I have a quick look around downstairs and then to give mocking room I went up, after a while I asked where Mr Sly would be and was told in the room I was, I searched and could not find him and was disappointed to say the least 
I kept of snapping away and went back down. One of the other objects I really wanted to see and take a photo of was the little owl, I was just setting up the shot when there was a call from upstairs that Mr Sly had been found hiding in a cupboard. That made my day and I was back upstairs forgetting the little owl.
Thanks to Naked for the heads up on the place, it ranks as the best I have done so far, just hope my photos do it justice.

Great set of Photos Mocking good to have your company again, next time though, "Get a faster car" 

My full set can be found here 
https://www.flickr.com/photos/[email protected]/sets/72157643029319455/

and a few of mine






















































this is the lane the farmer was driving up and down.





Cant wait for Parts 4 and 5

(Edited to reduce photo size)


----------



## Stealthstar79 (Apr 6, 2014)

Great stuff!
Sounds like you had a fun day


----------



## Catmandoo (Apr 6, 2014)

Nice one cunningplan, your photos have certainly done it justice. Loving the wide angle of the bike, and your excitement for finding Mr Sly, disappointing when things can't just be left as they're found... 
Glad to see it planned out well.


----------



## mockingbird (Apr 6, 2014)

Good stuff matey, thought I'd leave some shots out so yours to outshine mine, love ur fox shot but the bed is a steal!


----------



## LittleOz (Apr 6, 2014)

Nice work guys and good to see an exterior shot of the place.


----------



## Stealthstar79 (Apr 6, 2014)

Empty your inbox Mb


----------



## Kezz44 (Apr 6, 2014)

Great looking explore! Loving the glass owl shot Mockingbird!!


----------



## Judderman62 (Apr 6, 2014)

fabulous guys. My kind of place. Loving the owl


----------



## cunningplan (Apr 6, 2014)

Don't mention the OWL


----------



## UrbanX (Apr 7, 2014)

Fantastic stuff! Awesome shots too, you've done the place justice! 
Cheers for sharing


----------



## Mars Lander (Apr 7, 2014)

Its a great site for sure and you have some fantastic shots of it. 

In regard to someone bleating about things being moved around blame that pesky farmer who owns it, how inconvenient of him to keep the fox out of sight , we did put it back where we found it. Hopefully Mr fox has been returned to where he was found too, as then mr farmer won't seal the place knowing people are going in.
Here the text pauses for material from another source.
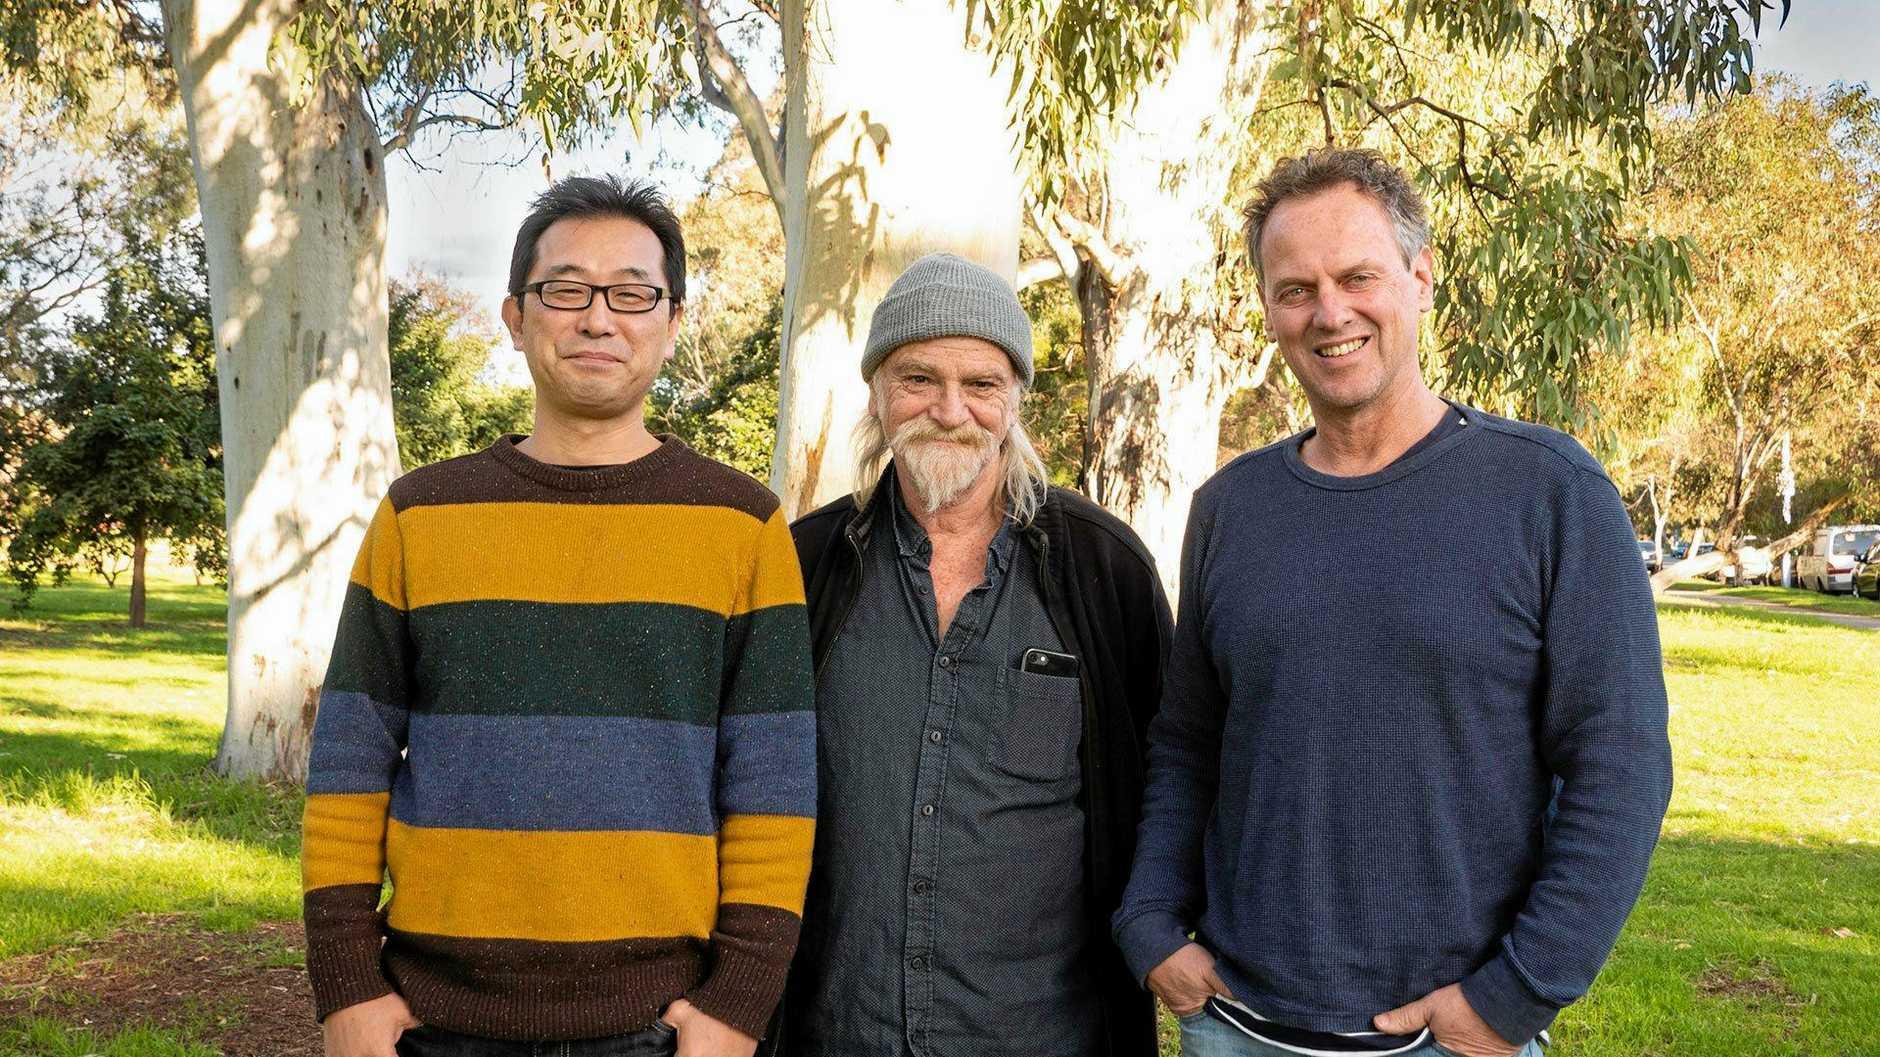 JC Shin, Adrian Adams and Neil Mackenzie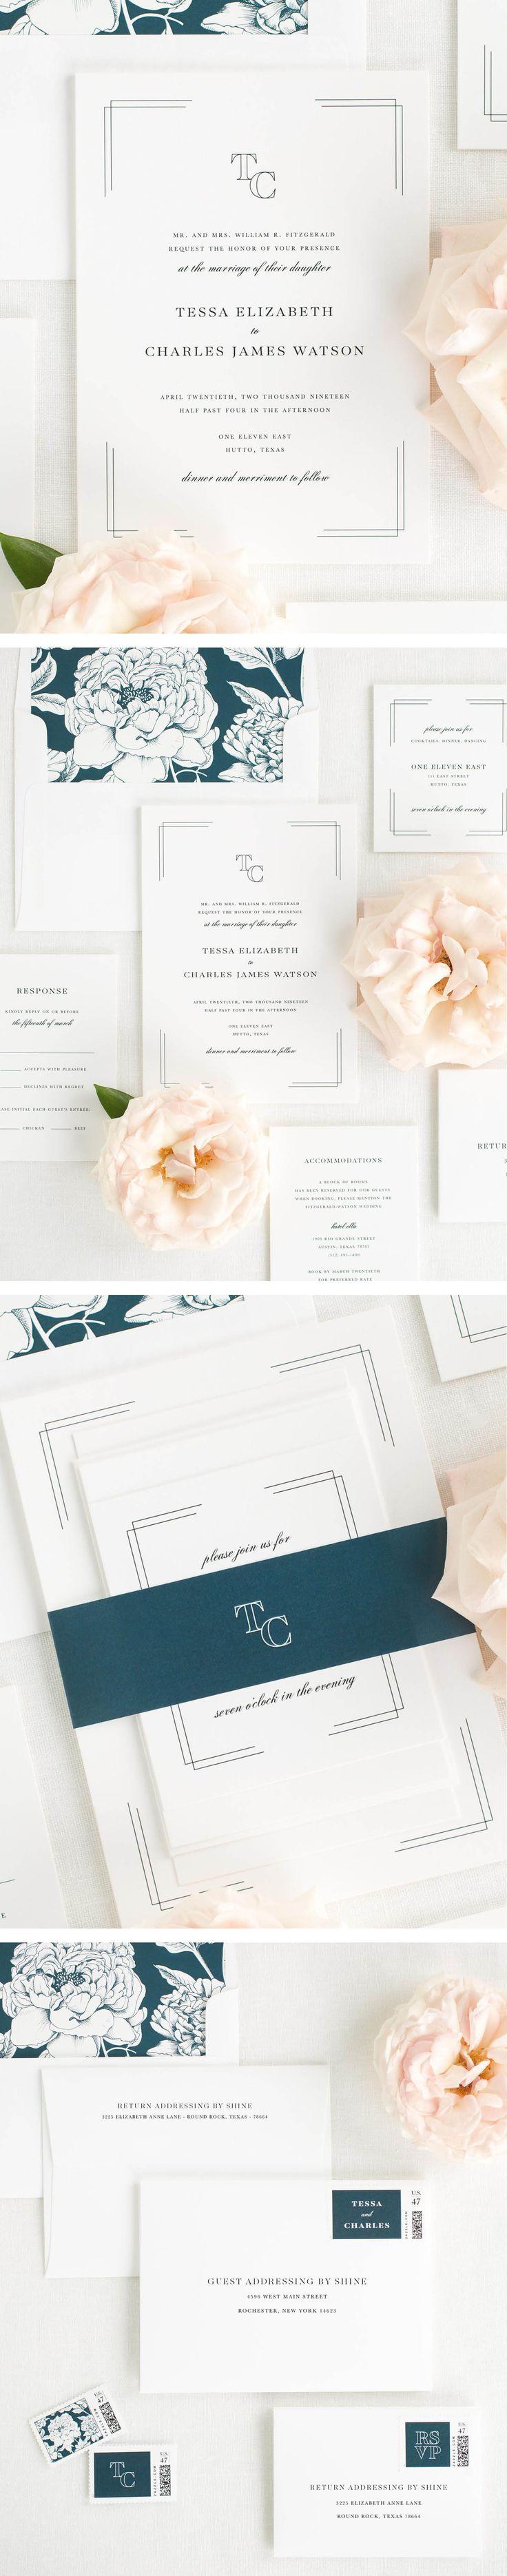 deer hunter wedding invitations%0A Tessa Wedding Invitations

Again well shot lads enjoyed reading and looking at your report.


----------



## antonymes (Apr 7, 2014)

Mars Lander said:


> Its a great site for sure and you have some fantastic shots of it.
> 
> In regard to someone bleating about things being moved around blame that pesky farmer who owns it, how inconvenient of him to keep the fox out of sight , we did put it back where we found it. Hopefully Mr fox has been returned to where he was found too, as then mr farmer won't seal the place knowing people are going in.
> 
> Again well shot lads enjoyed reading and looking at your report.



Indeed Mars! She was well tucked away. We nearly missed her, but gave her the attention she deserved, but put her away to nap off the rest of the day.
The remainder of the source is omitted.